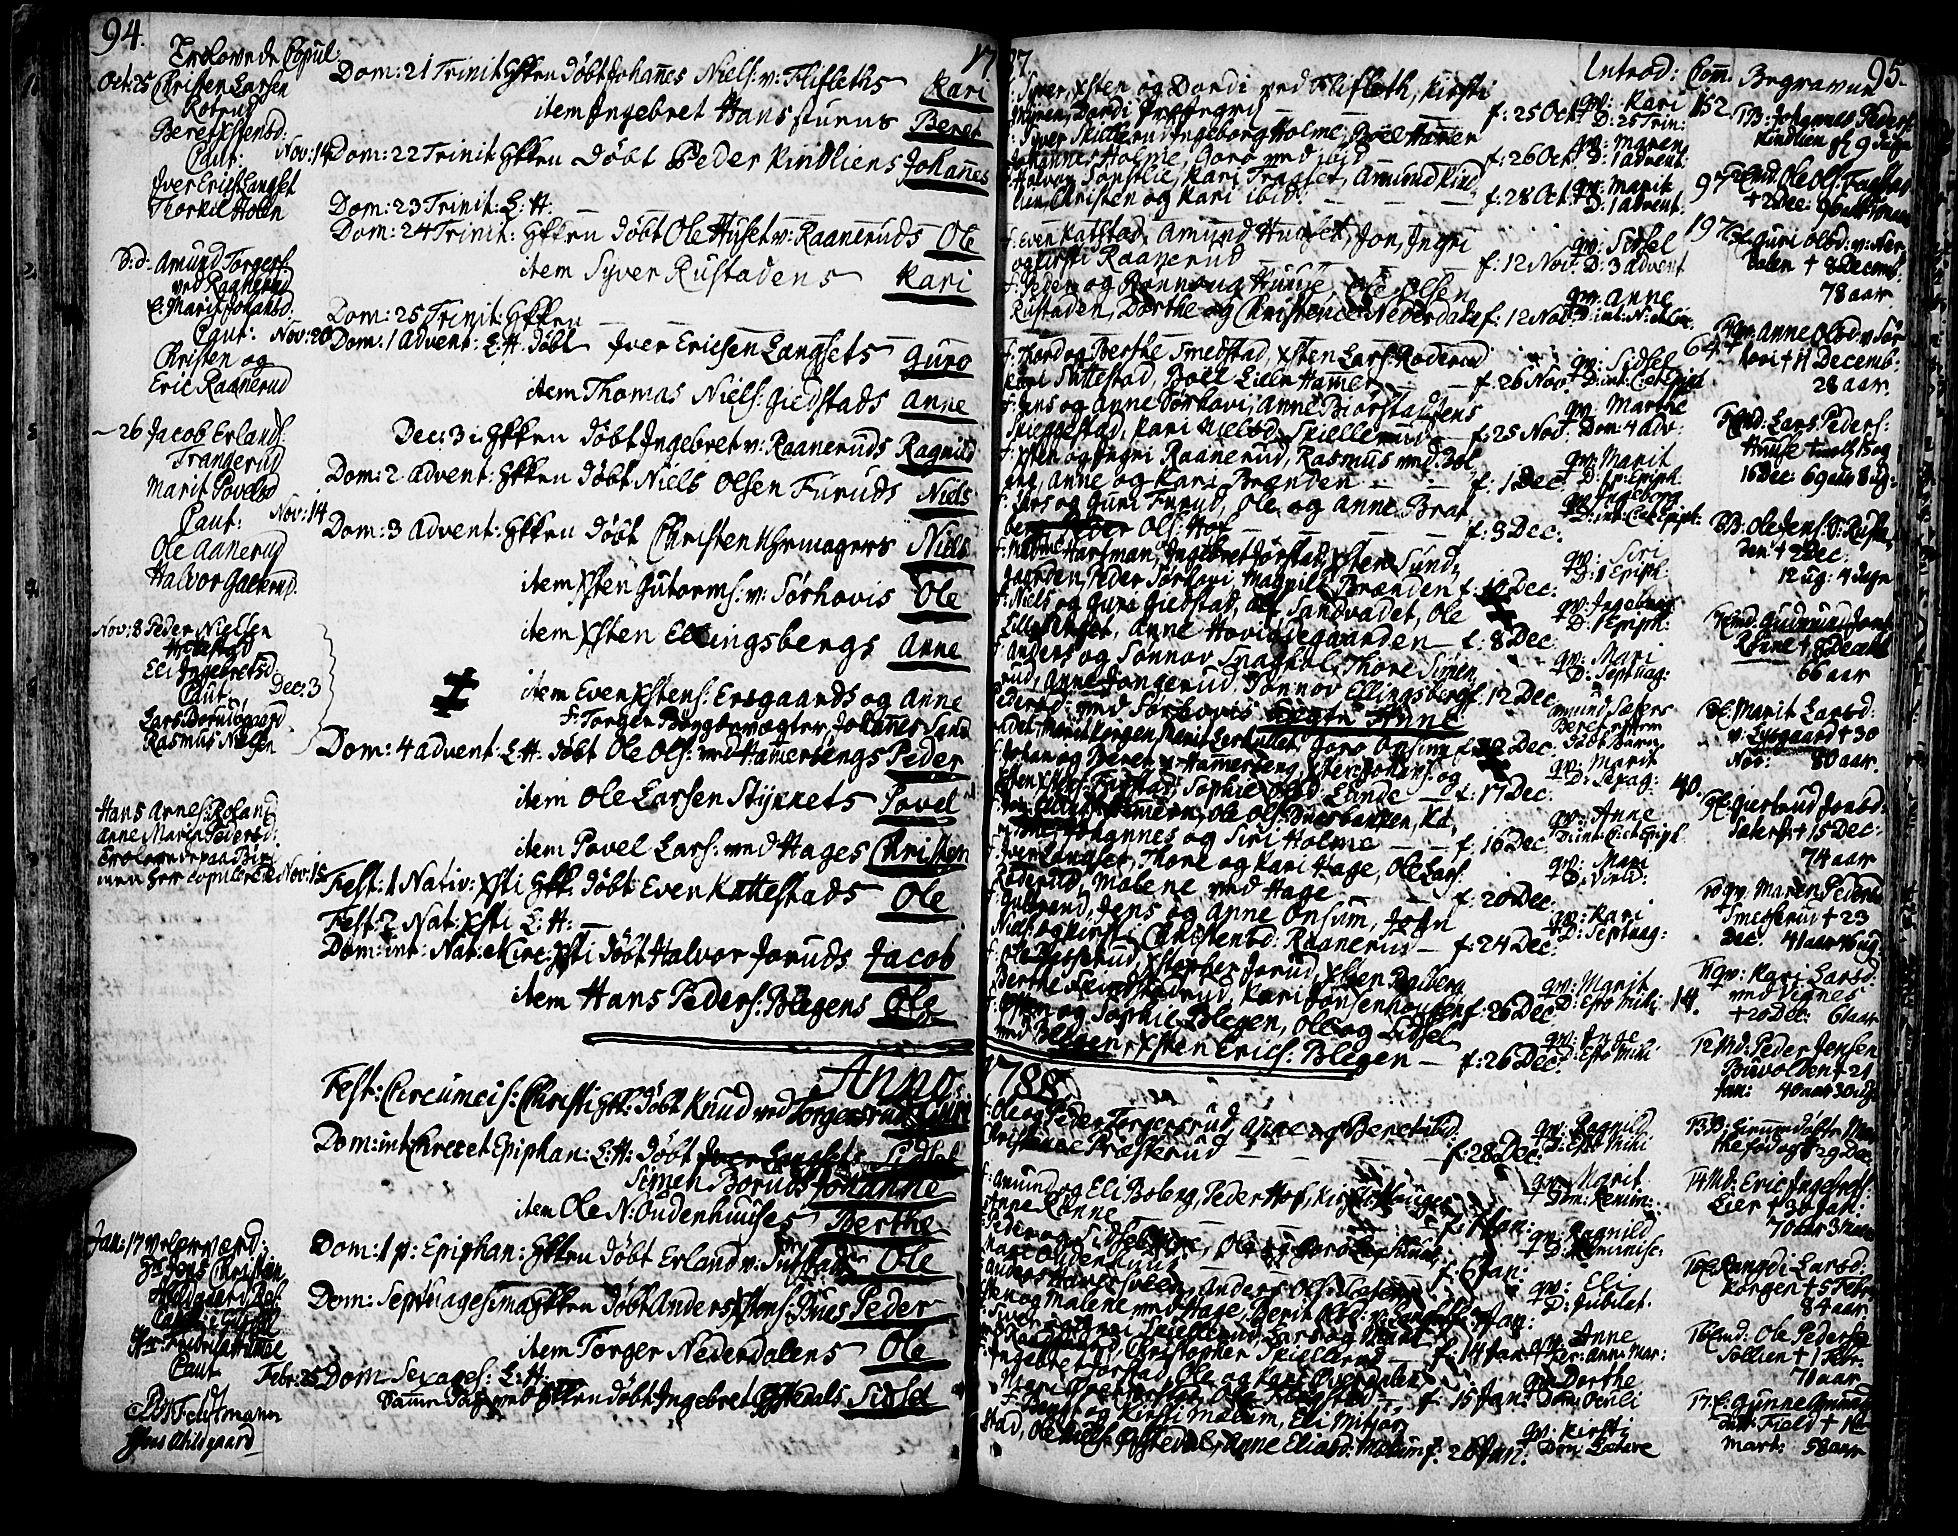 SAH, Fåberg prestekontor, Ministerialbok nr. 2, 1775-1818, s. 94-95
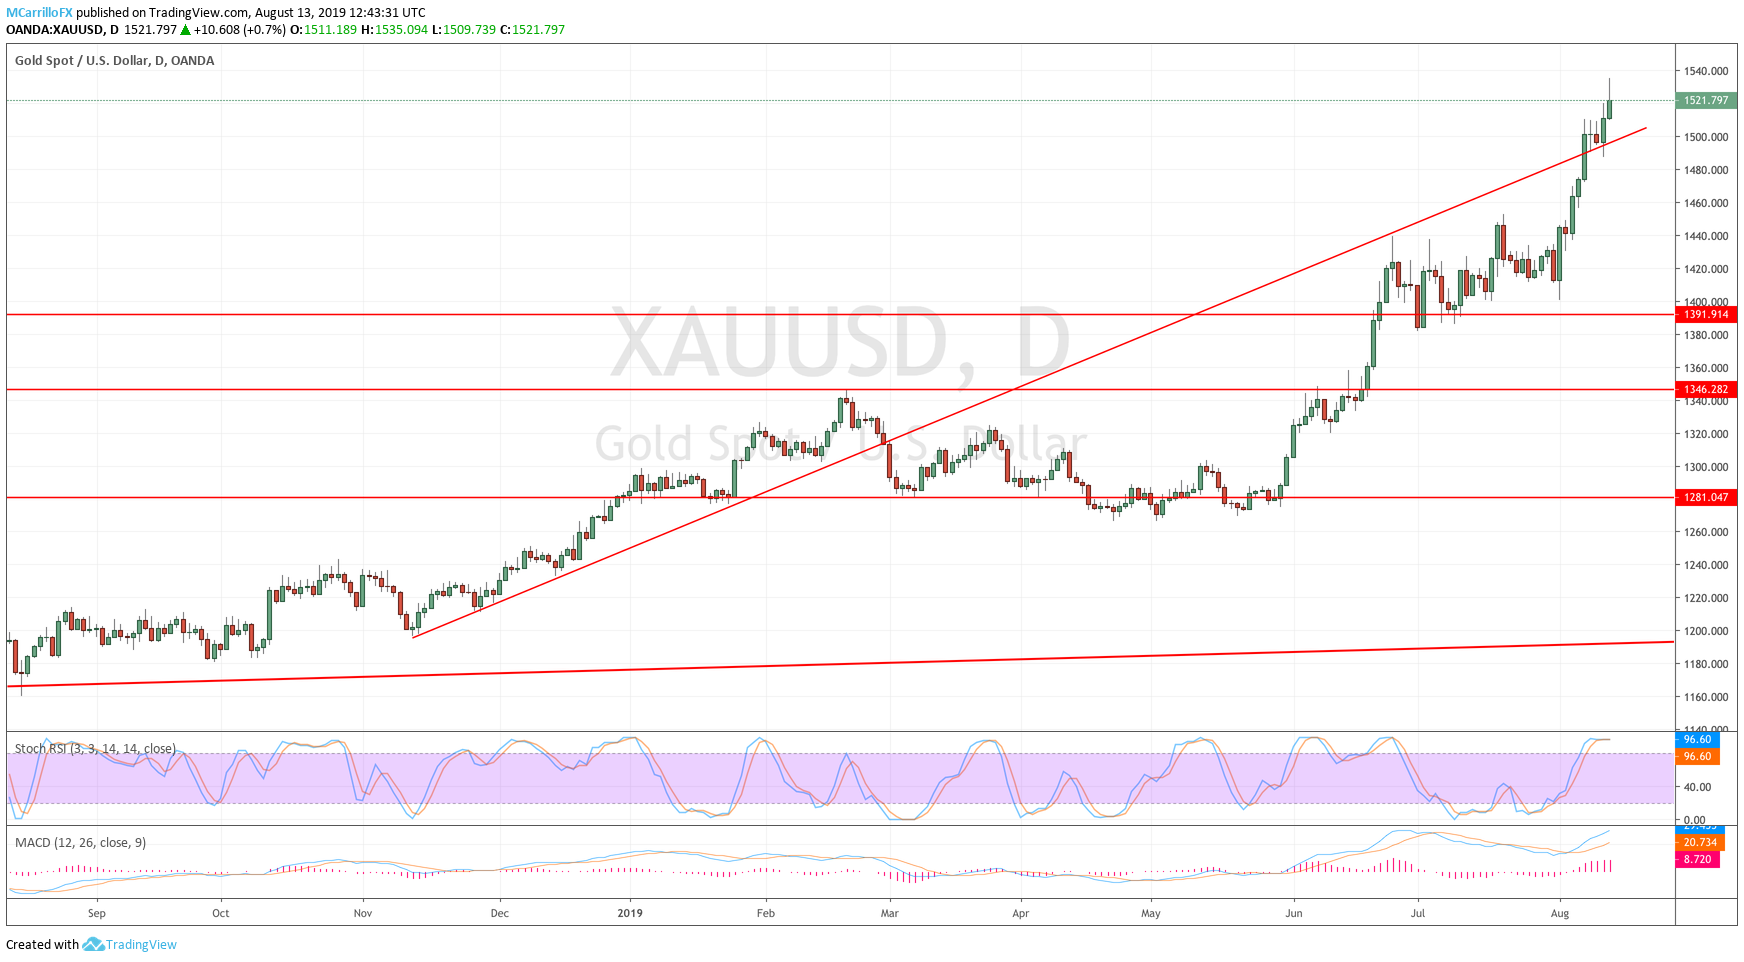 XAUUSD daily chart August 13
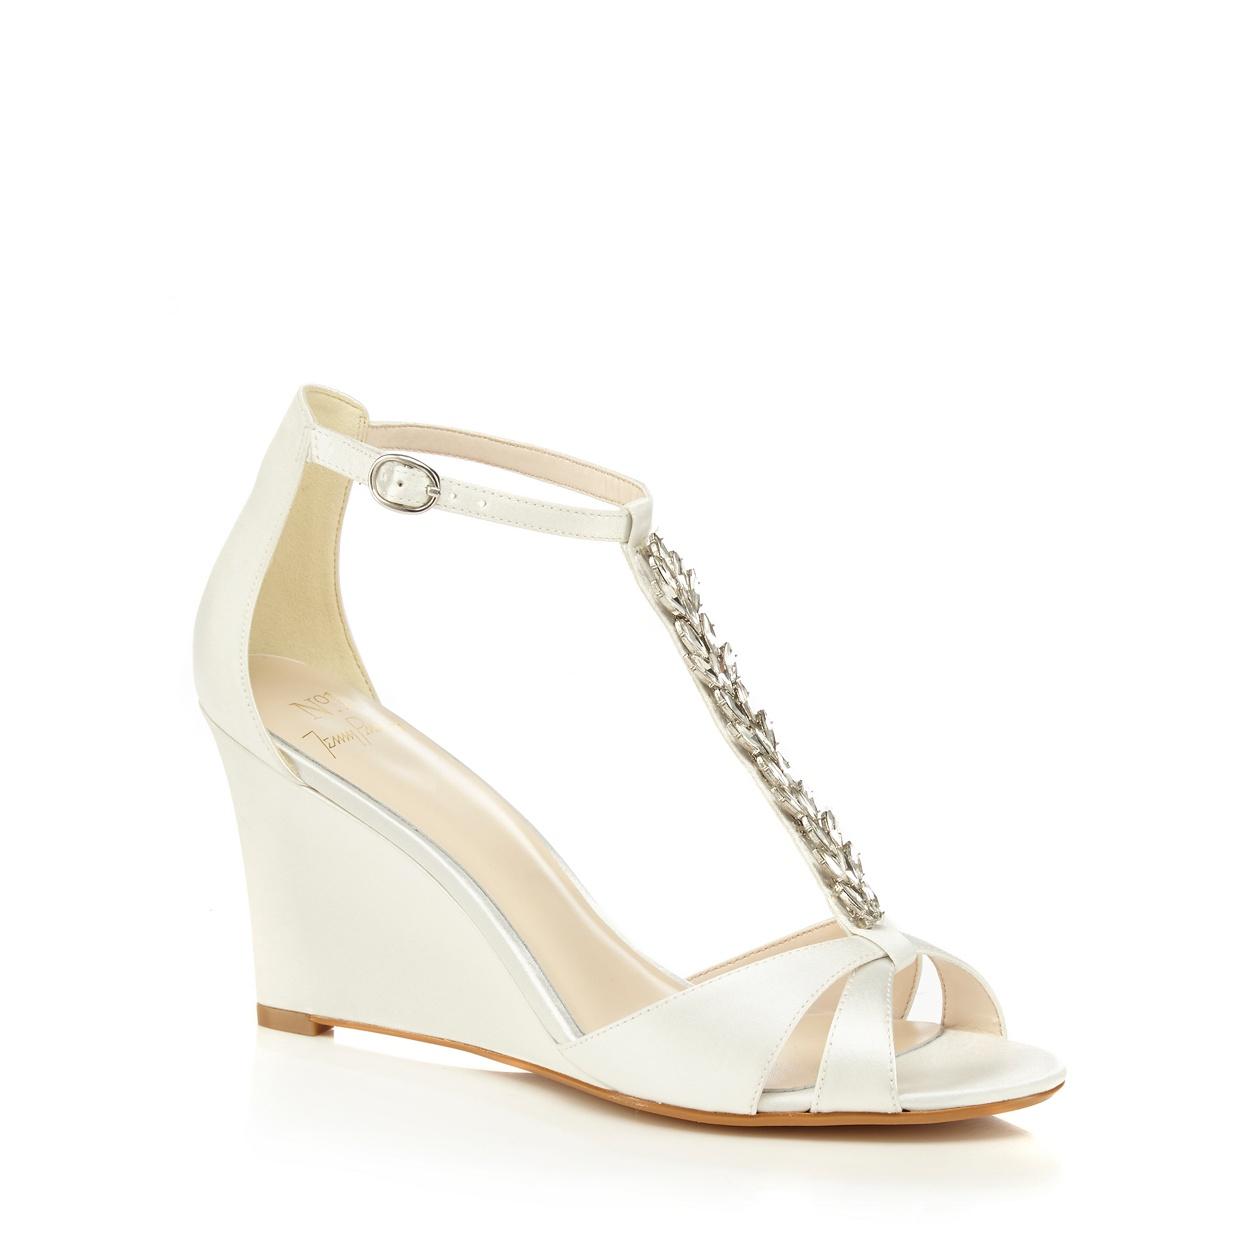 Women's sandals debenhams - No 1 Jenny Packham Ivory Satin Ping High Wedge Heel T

====

▶ [PROBLEM STATEMENT] The expected output is the material above, repeated exactly and free of pictures.

▶ [OUTPUT OF THE TASK]
 SAH, Fåberg prestekontor, Ministerialbok nr. 2, 1775-1818, s. 94-95
 XAUUSD daily chart August 13
 Women's sandals debenhams - No 1 Jenny Packham Ivory Satin Ping High Wedge Heel T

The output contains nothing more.